Since you will be keeping a reef tank, it will be critical to monitor and manage the pH, Alkalinity, Calcium, Magnesium, Nitrates and phosphates, for the health and good growth of your corals. You should plan to use RO/DI water for top-offs (replacing evaporated water) and water changes, using tap water is highly discouraged and almost certain to result in hideous algae problems. You can either get a RO/DI unit for your home and make your own, or you can likely buy it from a LFS very cheap (you just have to lug buckets to and from the store).

You should only put a couple/small few small fish in this tank, (a) its relatively small at 29 gallons, and (b) you want a reef tank, so the focus should be on the corals and inverts, as opposed to fish, plus you want to keep the nutrient levels low for the sake of the corals.


----------



## onefish2fish (Jul 22, 2008)

fixed :wink:

heres a sweet fish if your looking to only have a single guy
http://www.liveaquaria.com/product/prod_display.cfm?c=15+19+63&pcatid=63

or i suggest a pair of clowns and a goby of some sort. a goby and pistol shrimp make a good pair. if you dont go with the pistol shrimp then a skunk cleaner shrimp.
your going to want a mixture of snails for your clean up crew. these get added before fish, shortly after a diatom bloom is a good time to start adding a few snails. 
since this is your first setup, have you read about water chemistry including alk, ca and mag? understanding this cannot be skipped, esp in a reef tank. 

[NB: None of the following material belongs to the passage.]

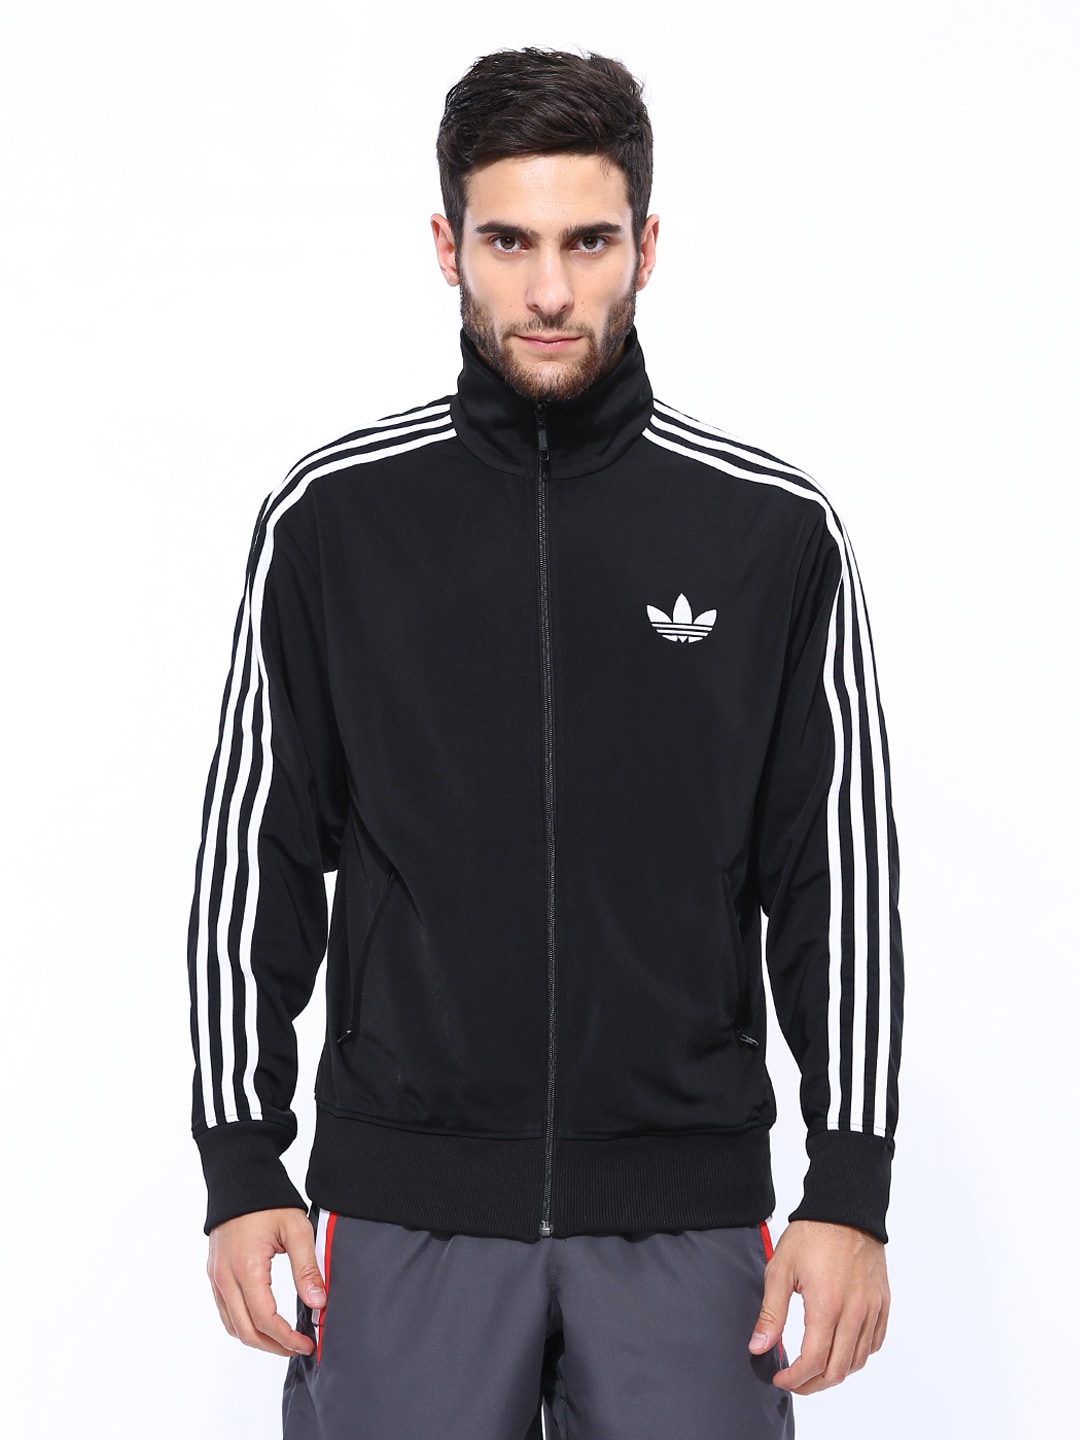 Buy Adidas Originals Men Black ADI FIREBIRD TT Jacket - 292 - Apparel
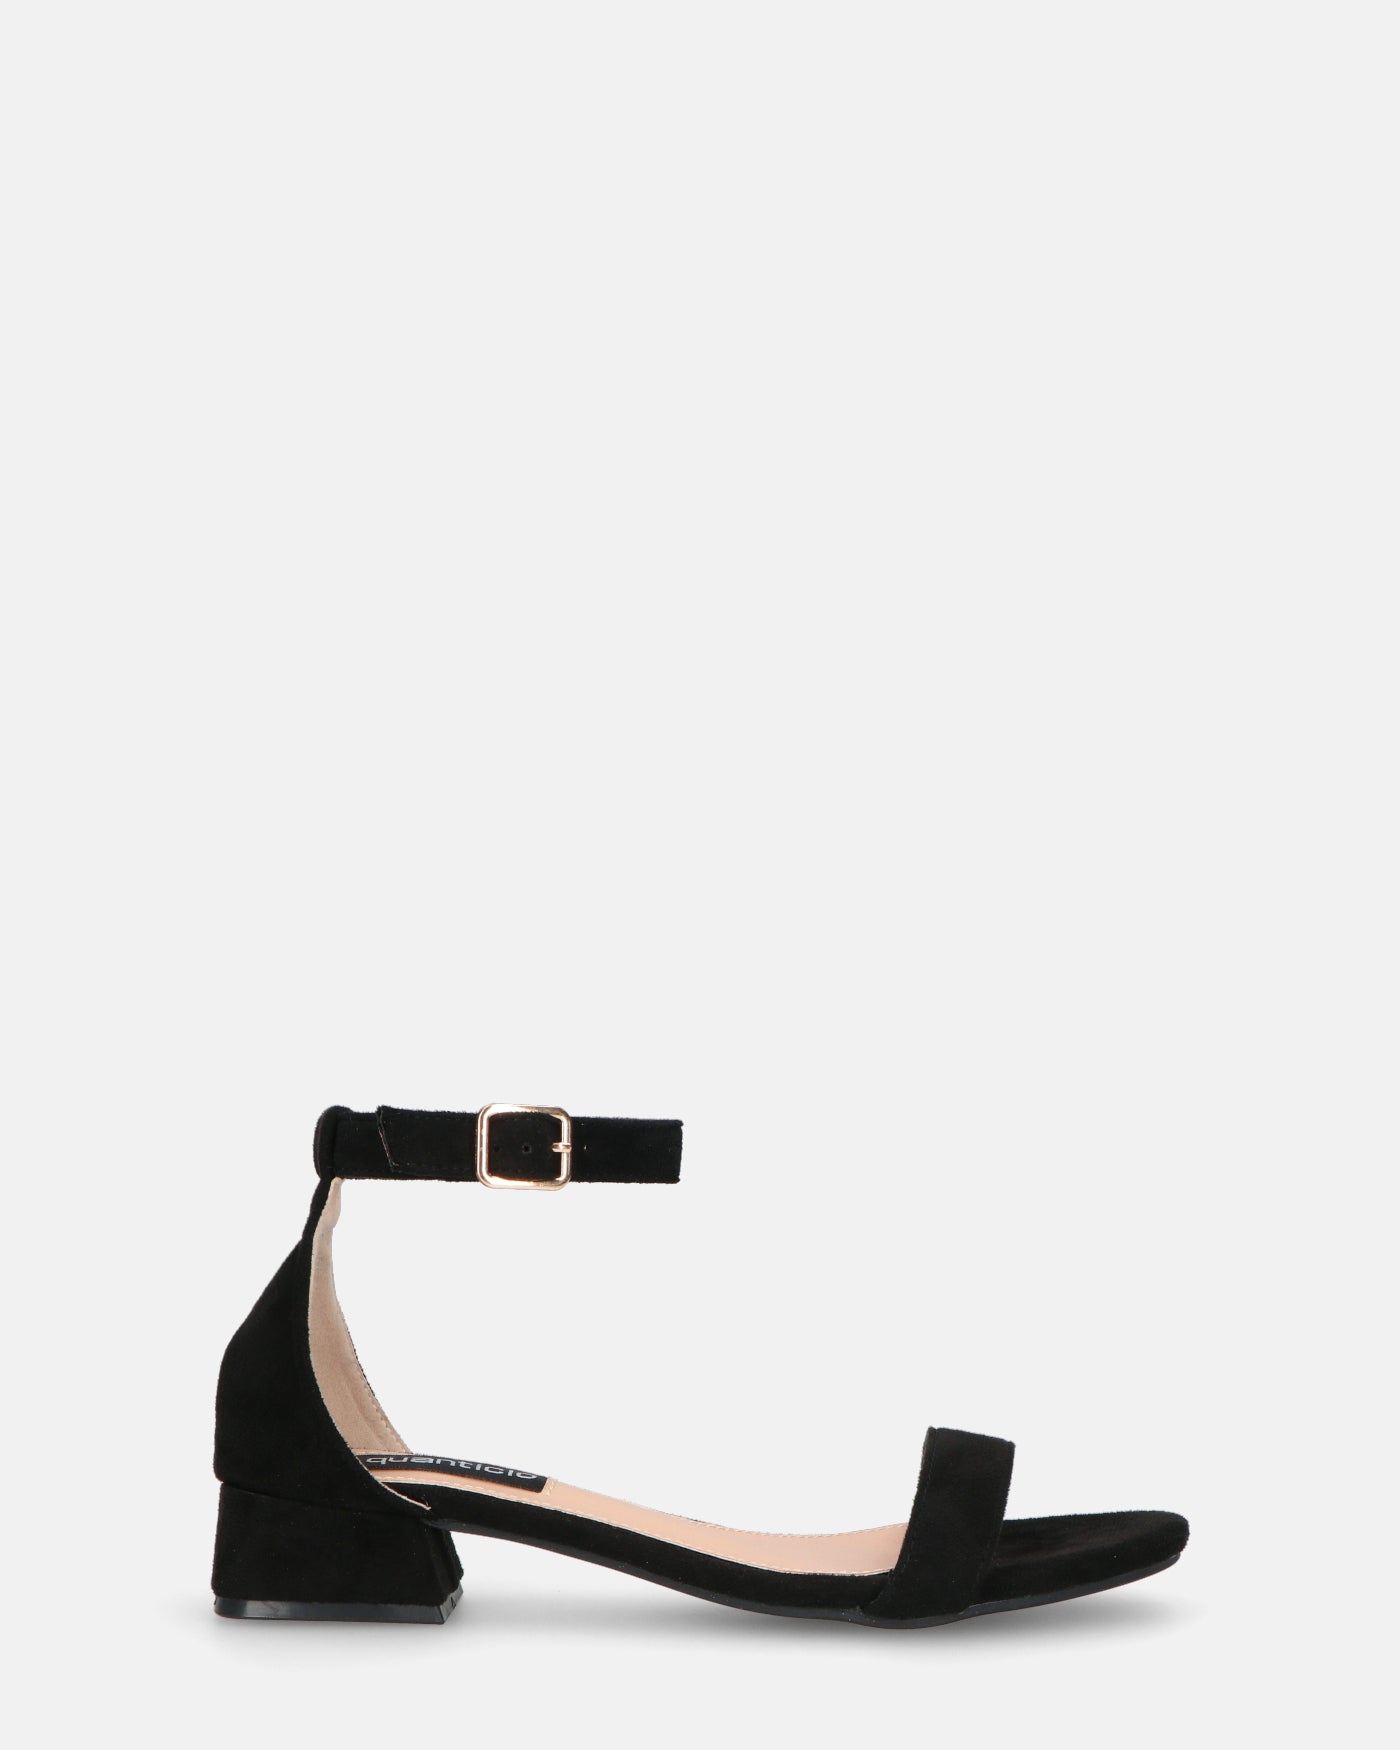 WANDA - sandali con tacco basso in camoscio nero

these come with power compact lights, correct? if this is the case you will be limited to softies. i believe there is a metal halide upgrade but you said your keeping it stock. conger the bio cubes dont have sumps but come with either a skimmer or mechanical filter of some sort depending on brand/model. which does yours come with? you may want to change the chambers into a refugium. if its the one with the skimmer i have heard they are not very effective and you prob. will want to upgrade that too.


----------